The present invention relates generally to multilayer signal routing devices and, more particularly, to a technique for mapping contacts of a programmable logic device to another electronic component.
Increasing capability and functionality, as well as falling prices, have driven electronic designers to use programmable logic devices (PLDs) in a wide variety of designs. Examples of PLDs commonly used include field programmable gate array (FPGA) devices, complex programmable logic devices (CPLDs), application specific integrated circuits (ASICs), and the like.
In many circuit designs, PLDs are implemented to communicate signals to and/or receive signals from other electronic components. Accordingly, the logic of the PLDs may be programmed so that certain contacts of the PLD are “assigned” to corresponding contacts of an electronic component such that the assigned contact receives signals from and/or provides signals to the corresponding contact of the electronic component via a conductive trace routed between the contact of the PLD and the contact of the electronic component.
Conventionally, the contact assignments (i.e., “pin assignments”) of electronic components differ by vendor. As a result, electronic systems implementing common electronic components typically are designed to maximize the footprint density of the electronic component as opposed to providing for the optimum breakout of the contacts of the electronic components. This emphasis on footprint density to the detriment of optimum breakout efficiency may not be perceived as a serious concern in low-contact-count component designs as the contact mapping between components typically is relatively simple. However, with the advent of high-density, multiple layer designs, inefficient mapping of contacts of PLDs to other electronic components, such as application specific integrated circuits (ASICs), has serious ramifications for the effective design and operation of such complex designs.
In view of the foregoing, it would be desirable to provide a technique that provides improved contact mapping of the contacts of a PLD to one or more other electronic components.
According to the present invention, a technique for improved contact mapping of the contacts of a PLD to one or more other electronic components. In one embodiment, the technique may be realized as a method for mapping contacts of a programmable logic device (PLD) to an electronic component in a signal routing device having one or more layers. The method comprises assigning a set of one or more contacts of the PLD to one or more respective contacts of the electronic component based at least in part on a pattern of electrically conductive traces routed from respective contacts of the electronic component via one or more channels formed at one or more layers of the signal routing device.

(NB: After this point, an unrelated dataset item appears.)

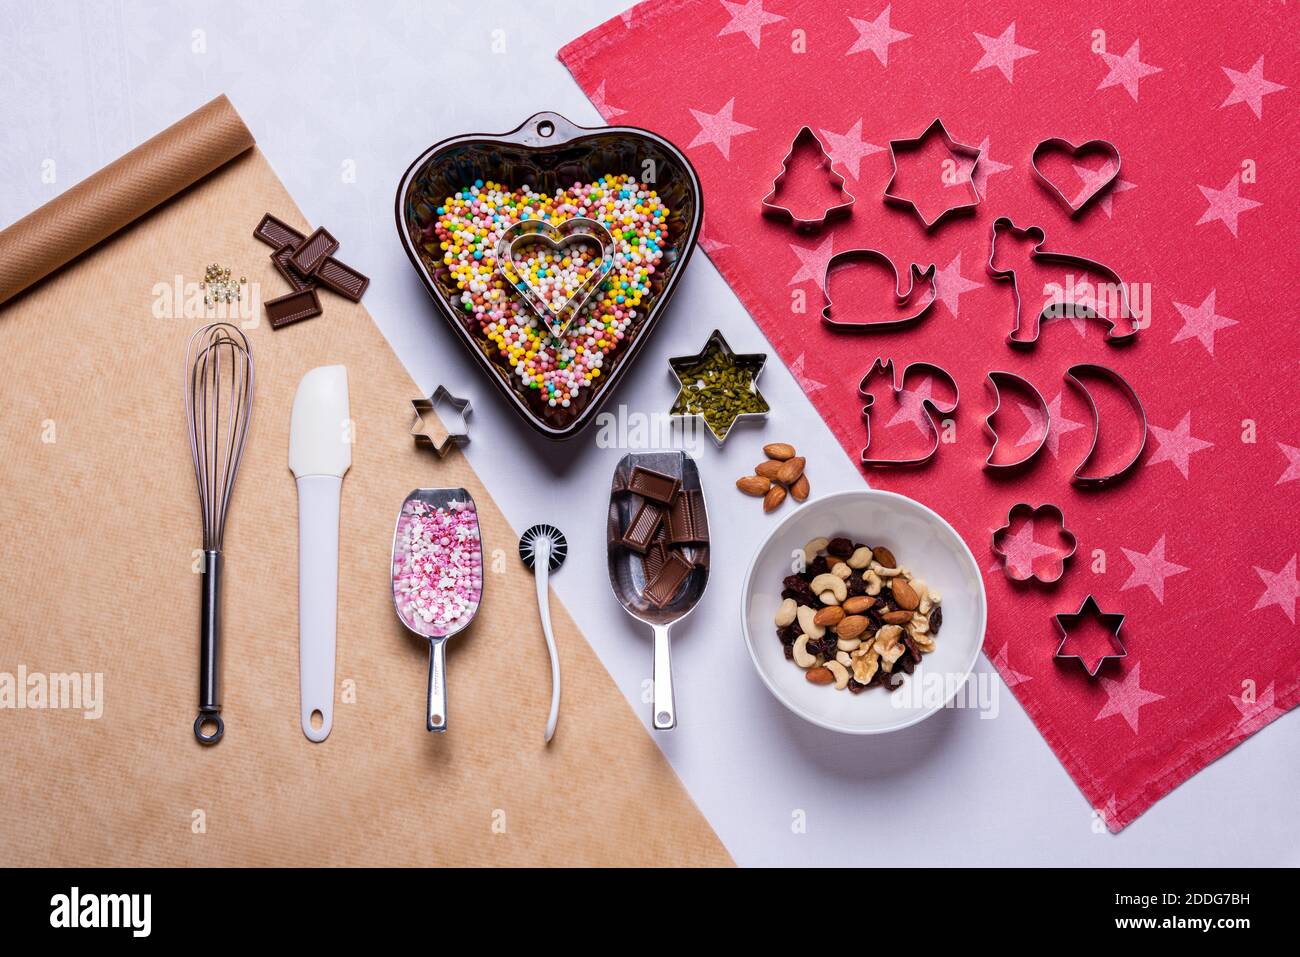 Zur Adventszeit und Weihnachten werden lekere Kekse gebacken Foto Stock

In another embodiment, the technique may be realized as a method for optimizing a mapping of contacts of a programmable logic device (PLD) to contacts of an electronic component in a signal routing device having one or more layers. The method comprises determining a first pattern of electrically conductive traces routed from respective contacts of the electronic component via one or more channels formed at one or more layers of the signal routing device, determining a first contact assignment pattern for one or more contacts of the PLD based at least in part on the first pattern of electrically conductive traces, refining the first pattern of electrically conductive traces based at least in part on the first contact assignment pattern to generate a second pattern of electrically conductive traces routed from the respective contacts of the electronic component via one or more channels formed at one or more layers of the signal routing device, and determining a second contact assignment pattern for one or more contacts of the PLD based at least in part on the second pattern of electrically conductive traces.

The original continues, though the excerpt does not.